The Foundation Building today

The Foundation Building today

The building as it originally looked

The building as it originally looked

The Great Hall

The Great Hall

Peter Cooper

Peter Cooper

By the mid-nineteenth century, Peter Cooper was one the nation's most successful industrialists. Cooper made a fortune after designing and building the country's first steam locomotive, as well as real estate, iron milling, and insurance businesses. Cooper was a proponent of education and in the 1850s, he began to make plans to build a school to educate the city's residents, and he was determined that it would provide a quality, free educaiton.

Construction of the school began in 1853, and in 1858, a full year before the Cooper Union actually opened and accepted students, the Foundation Building was completed. It is the main building on the college's campus and houses the Great Hall. Located in the building's basement, the Great Hall, which is listed on the National Register of Historic Places, features a stage and 855 seats. At the time of the building's construction, it was one of the tallest in Lower Manhattan, and one that reflected the inquisitive mind of its founder. The eight-story Foundation Building was equipped with a cylindrical shaft between floors which allowed goods to be transported via pulleys, an early harbinger of the elevator.
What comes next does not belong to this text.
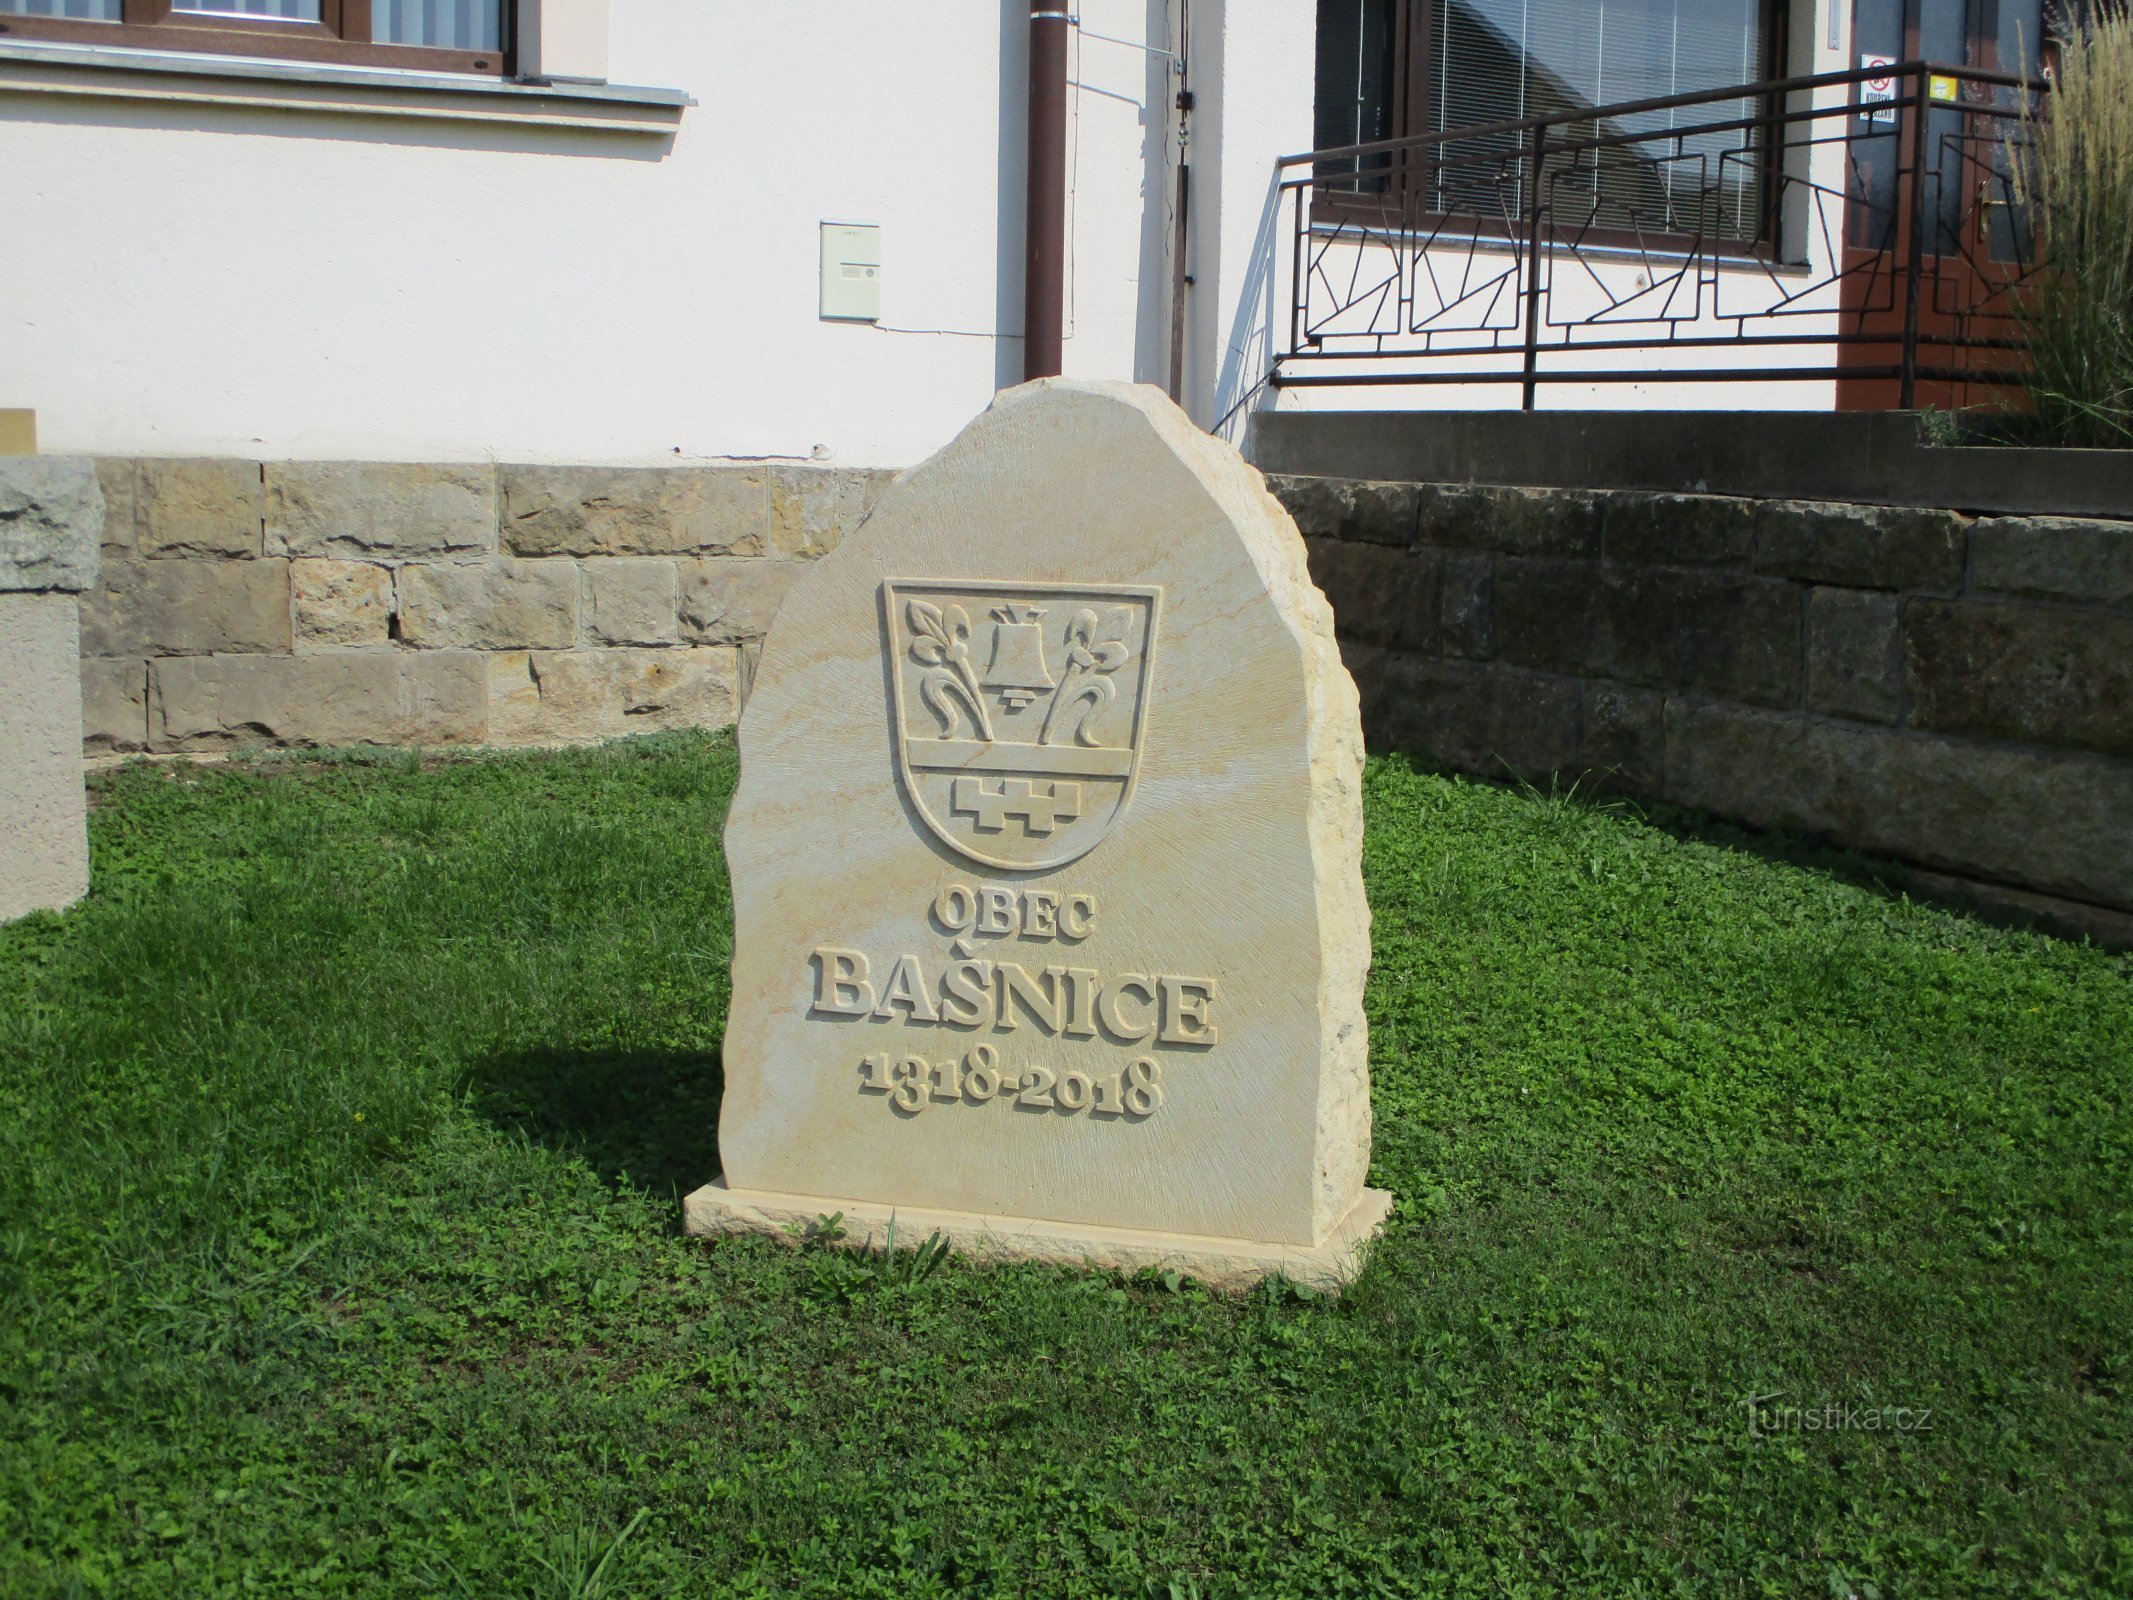 Pomnik 700 lat wsi (Bašnice)

Aside from its size (unusual at the time) and its modern amenities, the Foundation Building--the Great Hall, in particular--is also historically significant. In 1860, shortly after Cooper Union opened, Abraham Lincoln, who then aspired to the Republican nomination for President, accepted an invitation to give a speech at Henry Ward Beecher's church in Brooklyn. The event was moved to the Great Hall and it was there that Lincoln, still a relative unknown outside of Illinois, effectively made his national debut. His address at Cooper Union is widely believed to have propelled Lincoln to the nomination and eventually the presidency. In subsequent years, numerous other presidents would speak in the Great Hall, including Ulysses Grant, Theodore Roosevelt, Bill Clinton, and Barack Obama, to name just a few.

In 1909, the hall hosted the first public meeting of the National Association for the Advancement of Colored People (NAACP), which was formed earlier that year. The Cooper Union campus was a fitting location for the organization's first public meeting, given that its founder was a well-known abolitionist who believed the college bearing his name should be open to all races. The Great Hall was also the site of Frederick Douglass's 1863 speech following the Emancipation Proclamation. Cooper himself invited the famed abolitionist to speak shortly after the Proclamation took effect.

Over the years, the Great Hall has hosted a number of acclaimed guests as speakers, including Mark Twain, Susan B. Anthony, and William Lloyd Garrison.